Does the fact that there is some commonality of interest regarding the future of halacha necessarily imply that we are at the beginning of a virtuous cycle directed towards some favorable equilibrium? That will depend on a number of things.

First, like any moral or legal system, halacha has codification mechanisms – books, poskim, institutions and askanim – that serve as a check on drift or degradation that sometimes characterizes the moral sensibilities of the masses. Sometimes, especially in times of persecution and widespread ignorance or malfeasance, such mechanisms are essential, even if only as eis laasos lashem hefeiru torosecha. A virtuous cycle occurs only when both the masses and the codifiers properly calibrate the degree to which the emerging Oral Law needs to be written or otherwise frozen.

Second, diminishing gaps between groups can increase fear, and hence signaling mechanisms, precisely because the greater closeness can evoke legitimate fears of bastardization. The more similar some competing group is to mine, the greater my fear that they will have deleterious influence on my group. When does greater similarity increase trust and when does it increase fear?

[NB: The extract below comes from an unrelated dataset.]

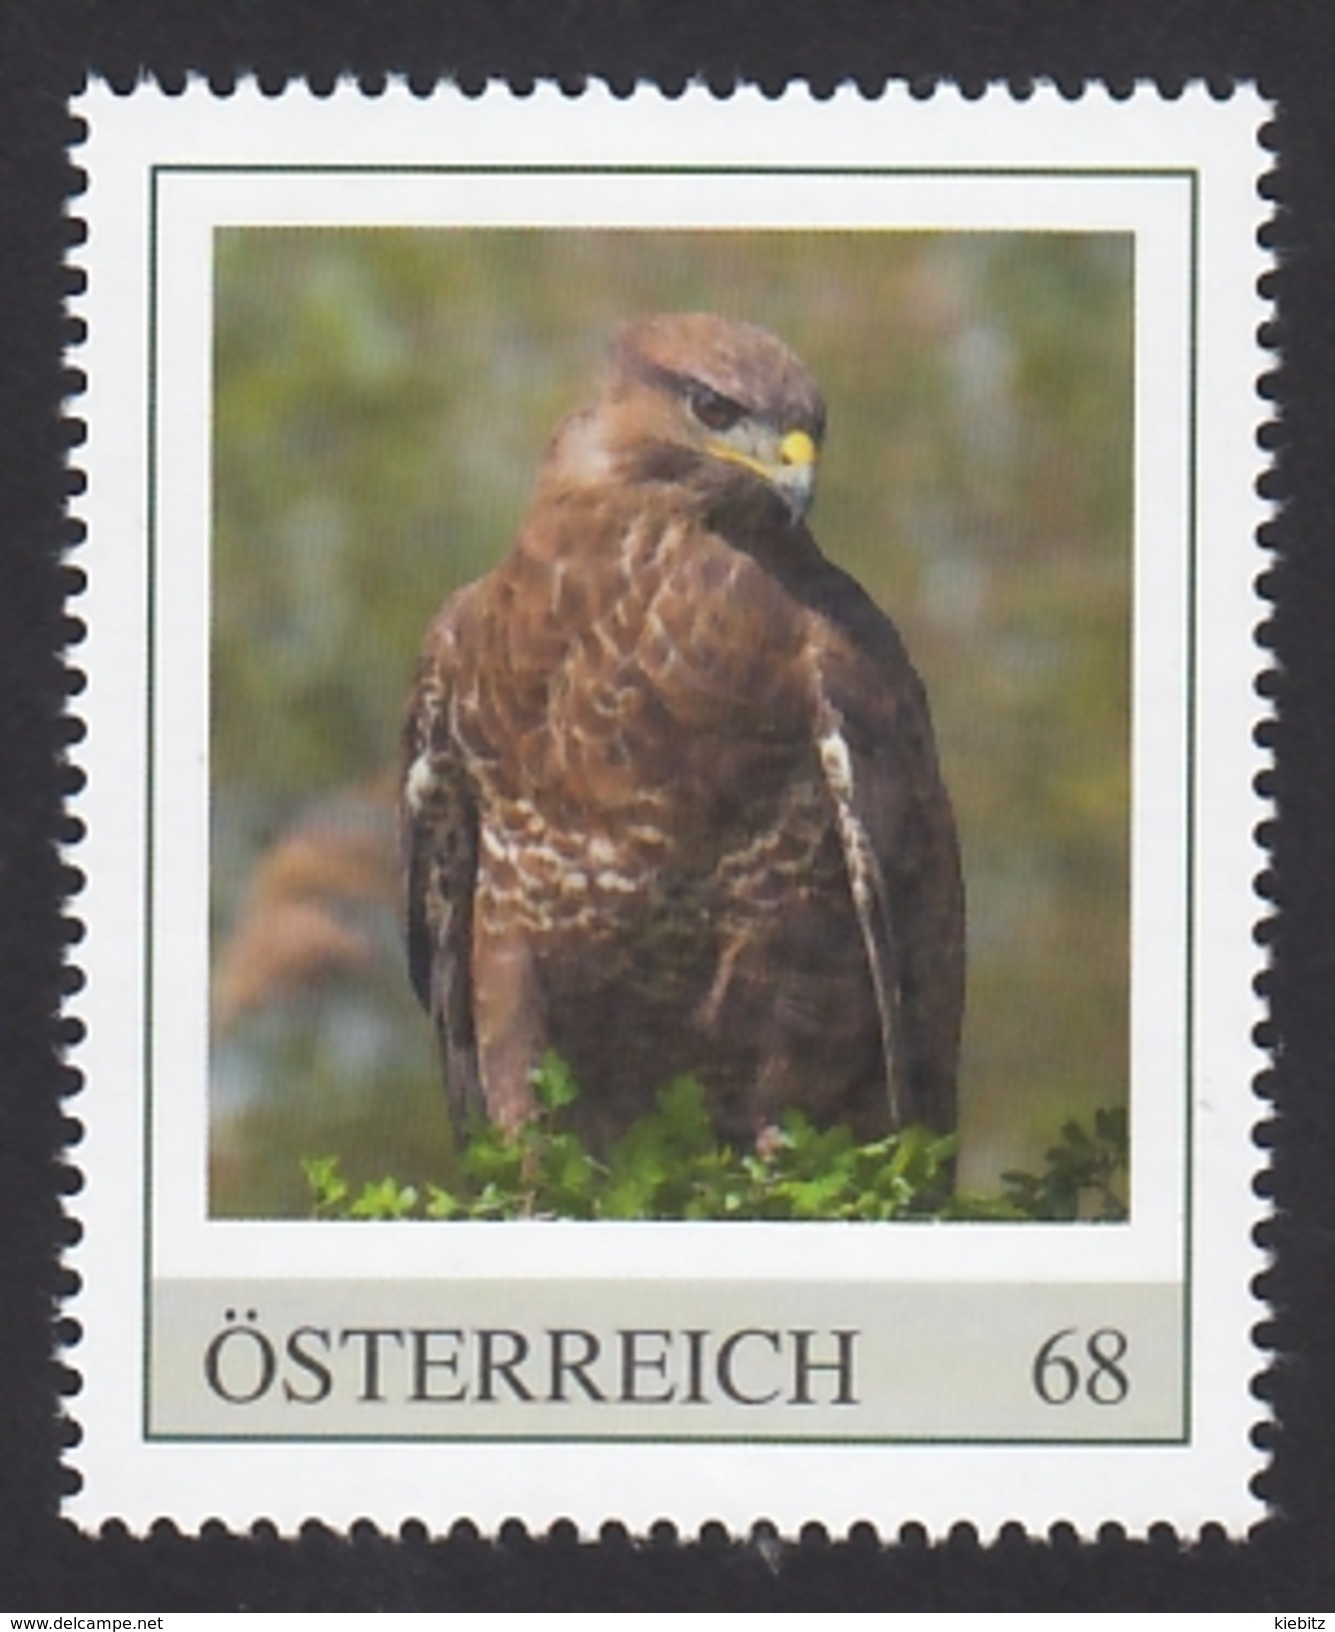 ÖSTERREICH 2015 ** Mäusebussard / Buteo Buteo - PM Personalized Stamp MNH - Adler & Greifvögel
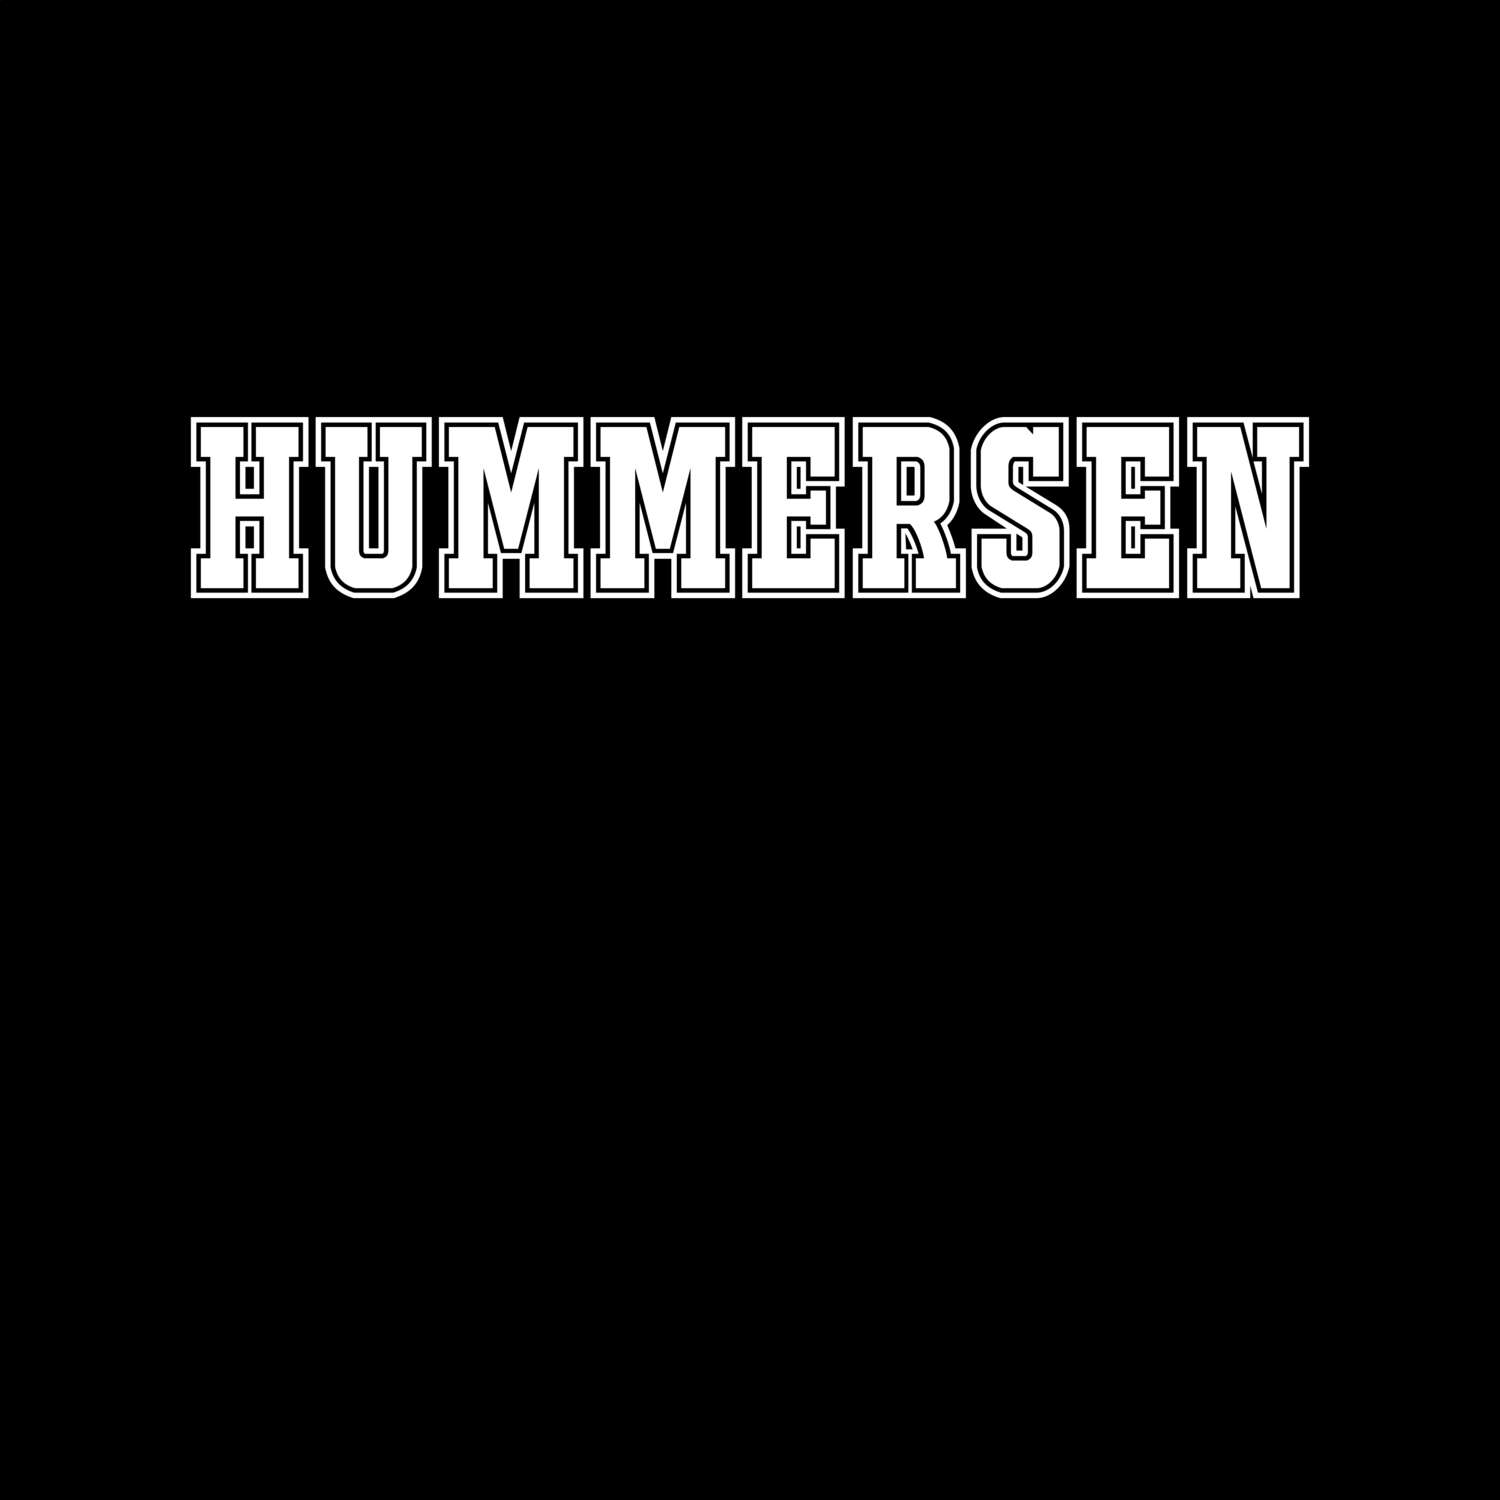 Hummersen T-Shirt »Classic«

Briefly (way too briefly), the answer is that few people feel threatened by others who take liberties with halacha, so long as those others are prepared to concede that they are indeed taking liberties. It is not leniency or even deviance that is threatening, so much as the insistence that every deviance be couched in some grandiose theory that justifies it. Better hypocrisy than tedious self-justification. Indeed, if hypocrisy is the homage vice pays to virtue, tolerance is the homage truth pays to hypocrisy. Similarly, we are prepared to tolerate those who love chumros, so long as they are prepared to acknowledge that they are indeed engaging in chumros.

Will we one day be able to agree on what halacha is, even if it is not exactly what we do?


My next post will be about what the state can do – and, more importantly, avoid doing – in order to catalyze the developments discussed in this post. It will be the last post in this series.


Blogger treppenwitz said...

"The more similar some competing group is to mine, the greater my fear that they will have deleterious influence on my group."

As in the ongoing dispute between 'The Judean People's Front' and 'The People's Front of Judea'? ;-)

12:40 PM  
Anonymous Y. Ben-David said...

What you are writing here is the most refreshing things I have come across in years. I must confess that I was one of the "religious nationalists" you refer to (although I was born in the US to a traditionalist but non-Orthodox family so I did not receive an education steeped in these values, I came to them on my own). When I first came across your writings some years ago I did not understand what you were saying, but the crisis of Gush Katif finally led me to understanding your position. I am glad you have laid it out logically, the quips you made in the past alluding to parts of this were not clear, but now it is.
There is one thing that bothers me. I have noted that Rav Natan Lopes Cardozo has also evolved a philosophy that is similar to yours in many ways, and he is quite articulate in expressing it. The problem is that both you and him seem to operate in a primarily English-speaking environment. How can we spread these ideas among Israelis in Hebrew?